▸ **Given material**
****************************************

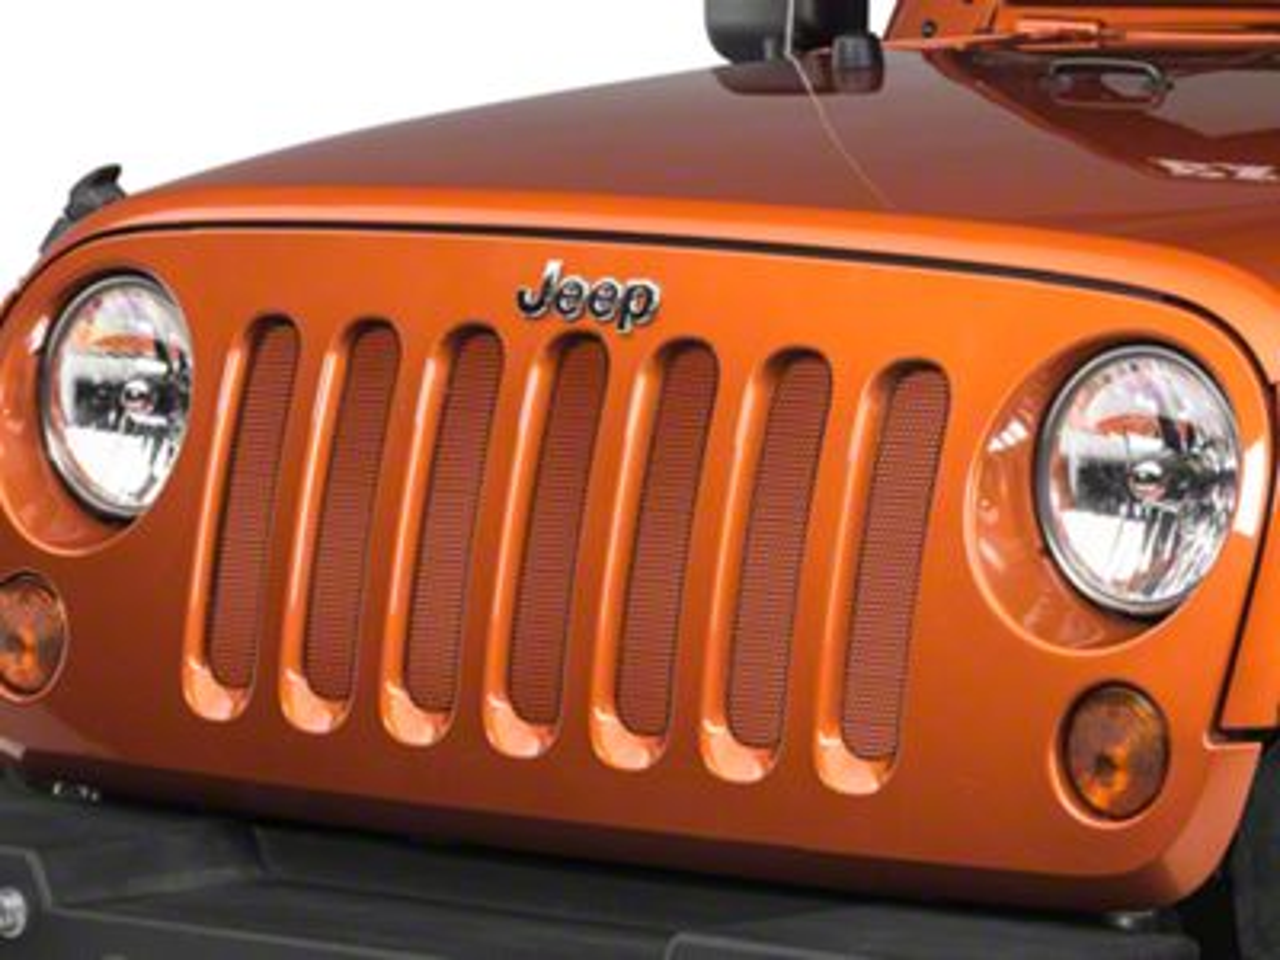 Under the Sun Grille Insert - Sunburst Orange Pearl (07-18 Jeep Wrangler JK)
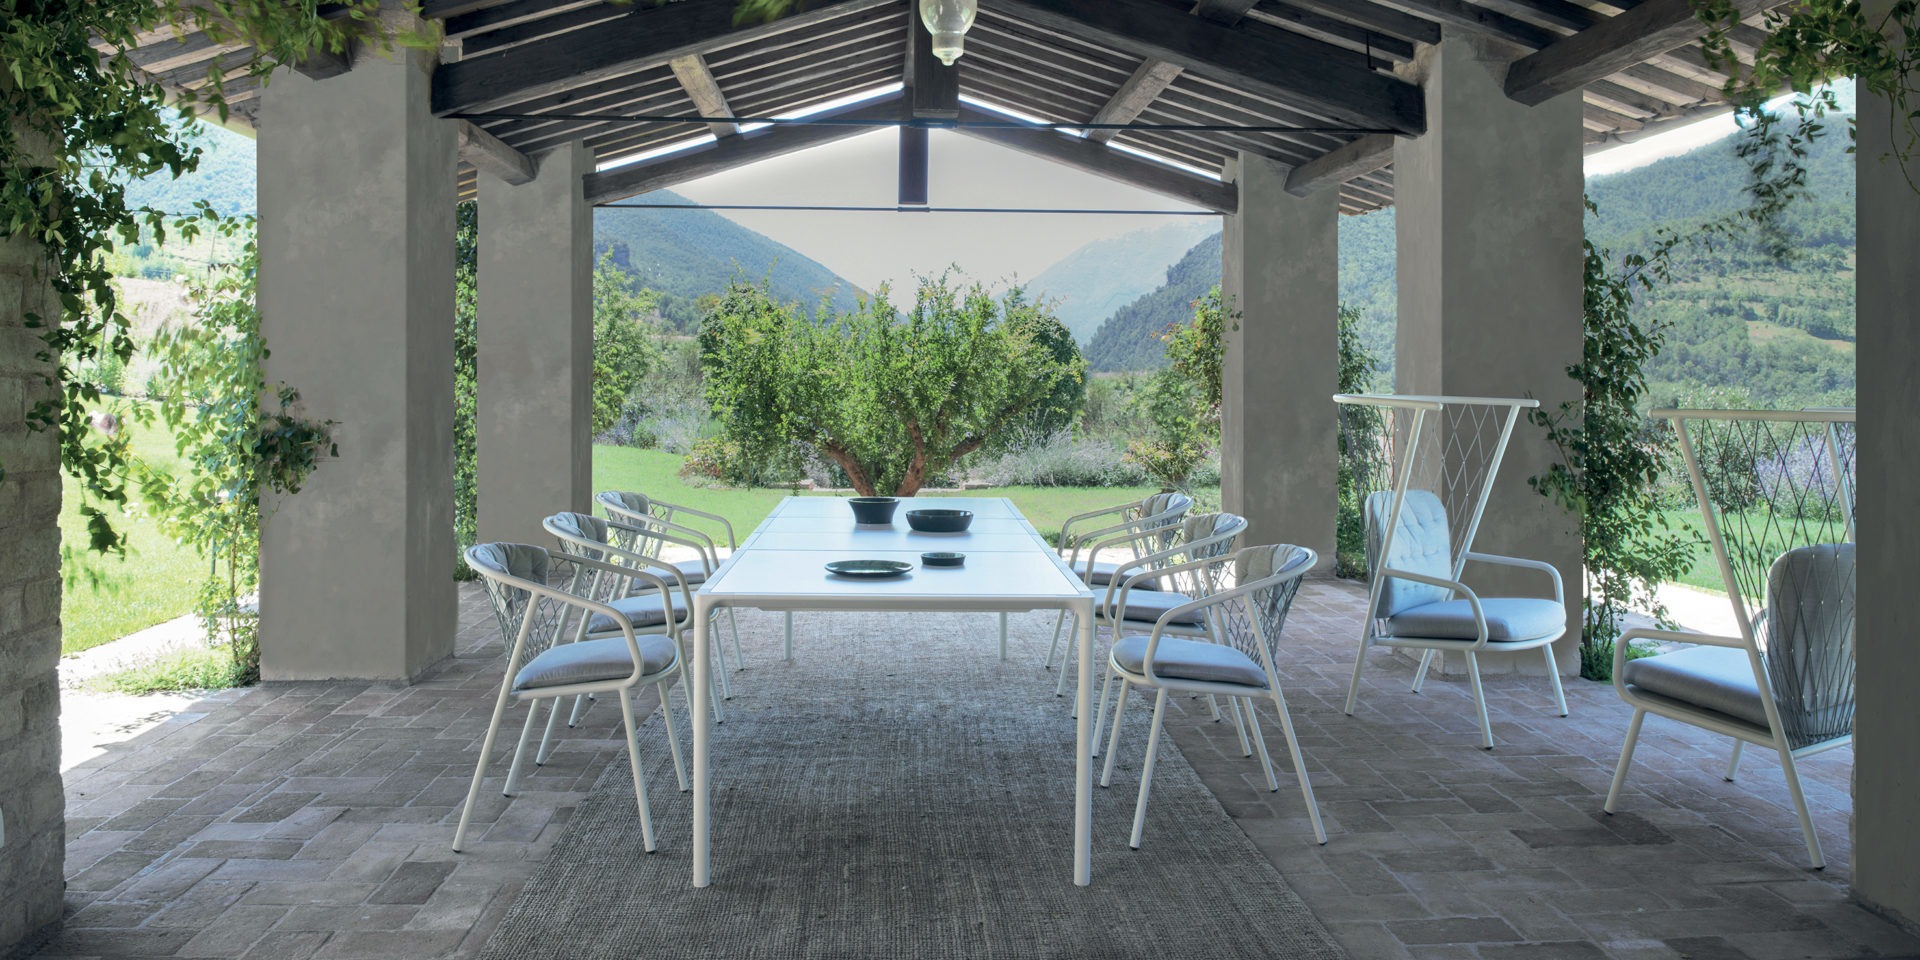 02_Nef_Terramare_EMU table jardin bordeaux arcachon cap ferret buxus
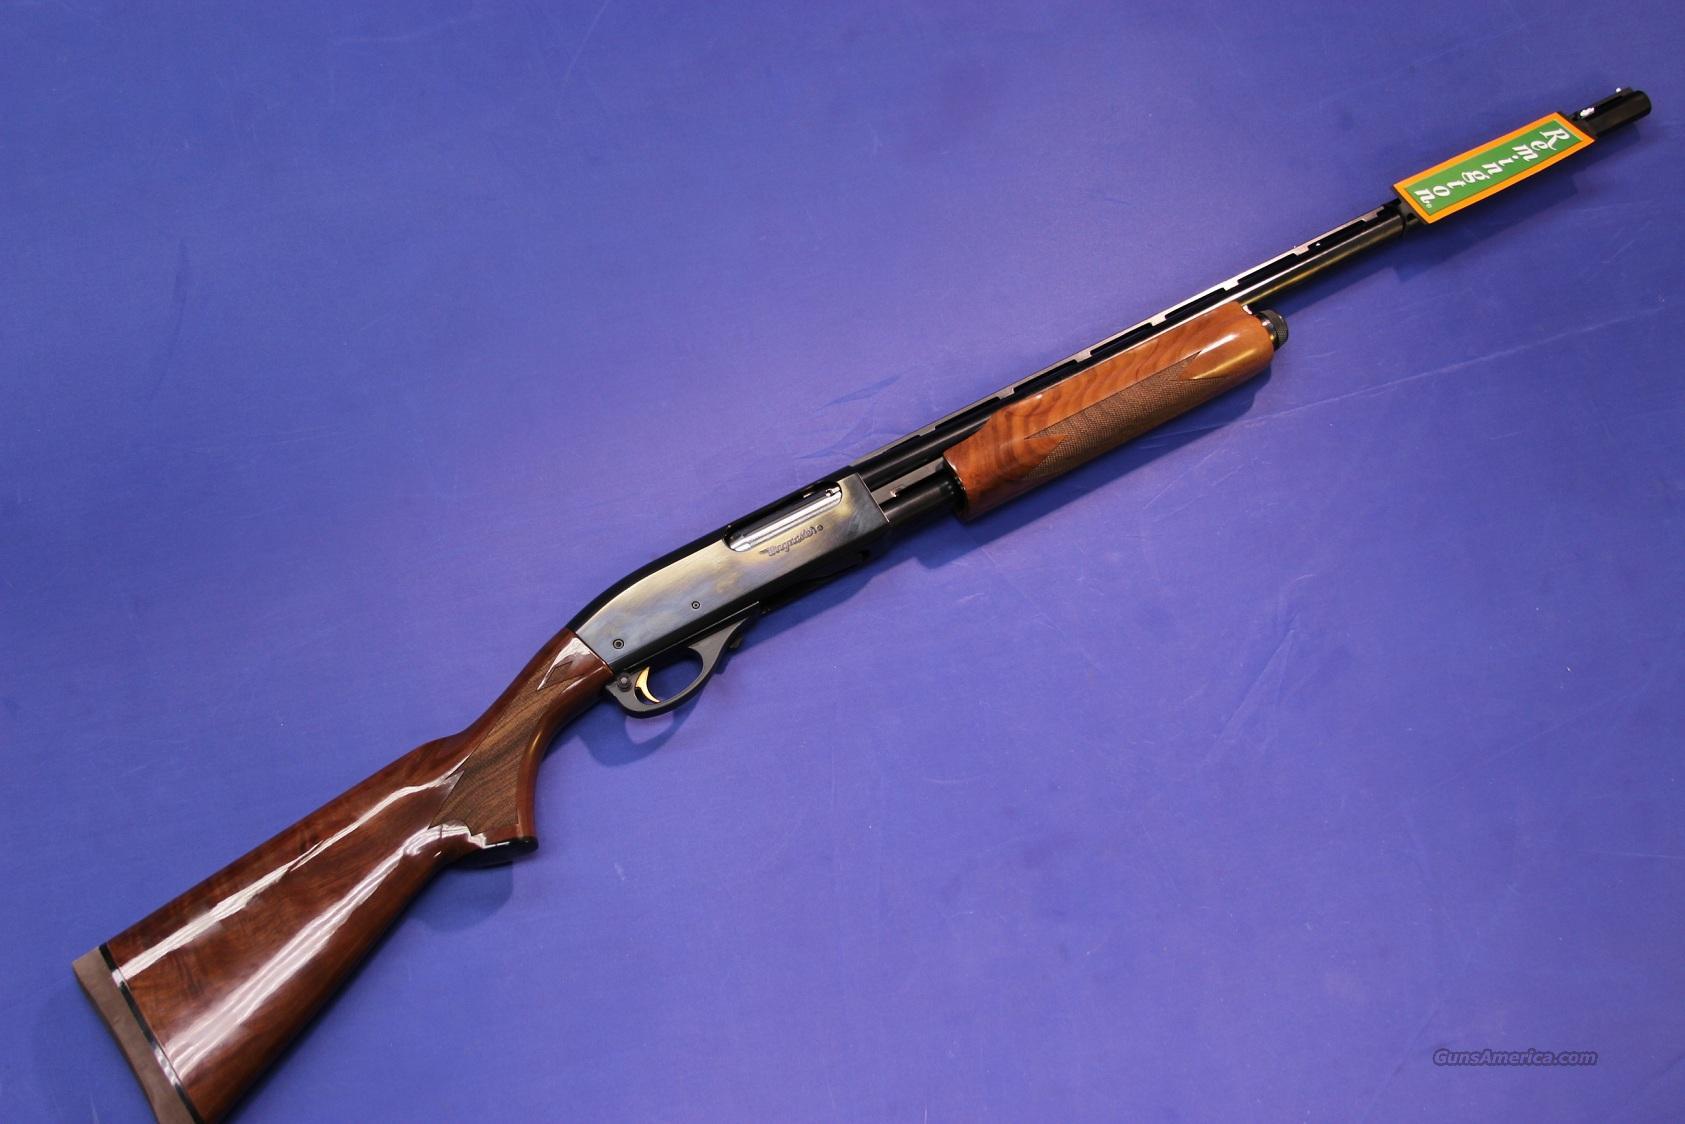 Remington 870 Tactical Stock Options  JosiesK9com
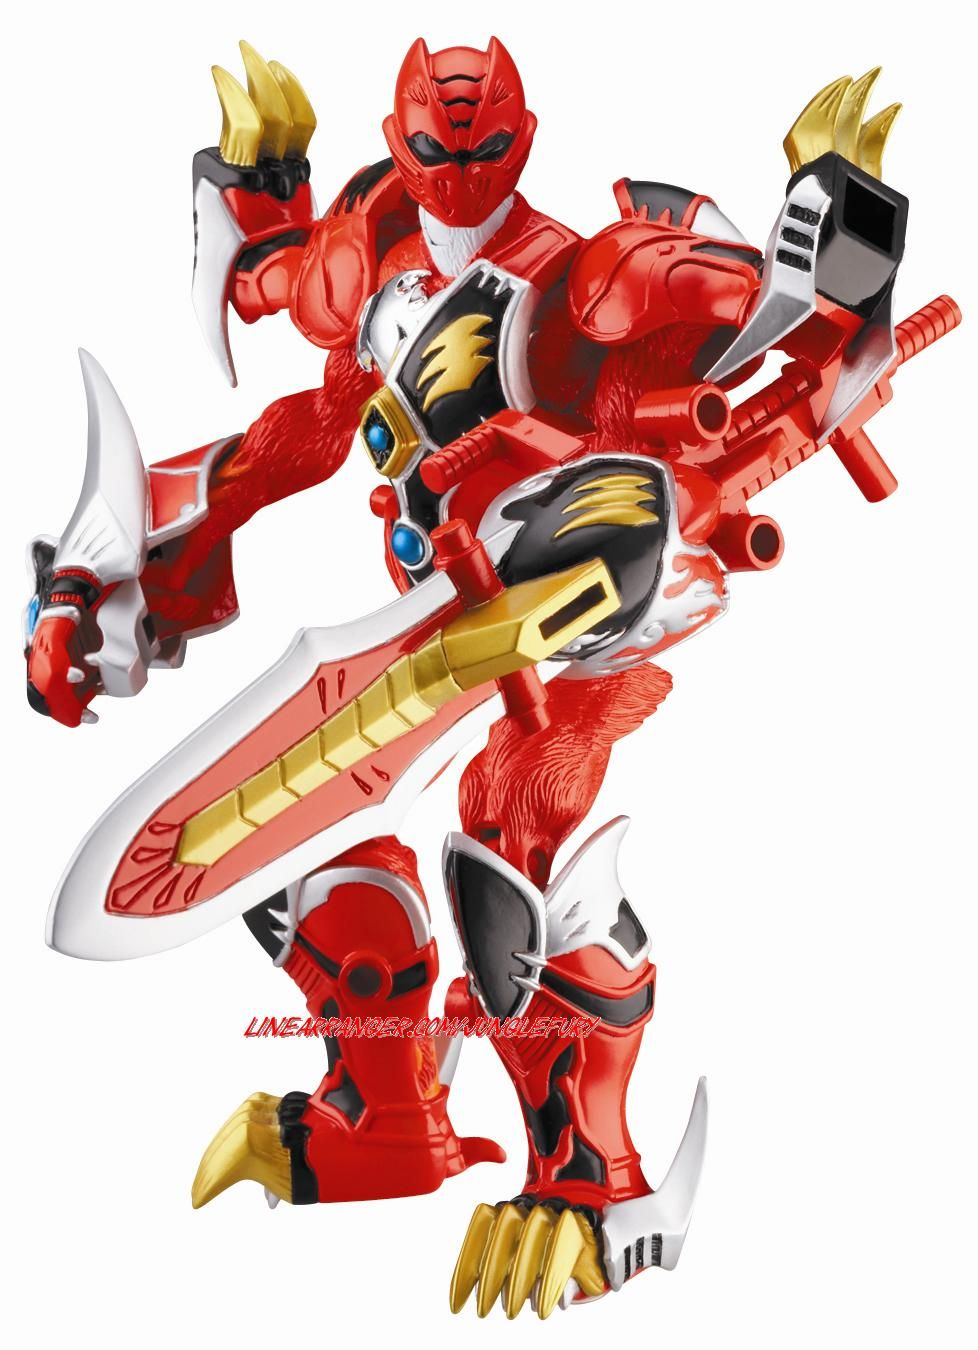 Power Rangers Jungle Fury Red Ranger Battlizer Power Rangers

****************************************

▸ **The problem**
The whole listing should be restated word for word, with no pictures.

▸ **Reply**
 Under the Sun Grille Insert - Sunburst Orange Pearl (07-18 Jeep Wrangler JK)
 02_Nef_Terramare_EMU table jardin bordeaux arcachon cap ferret buxus
 Remington 870 Tactical Stock Options  JosiesK9com
 Power Rangers Jungle Fury Red Ranger Battlizer Power Rangers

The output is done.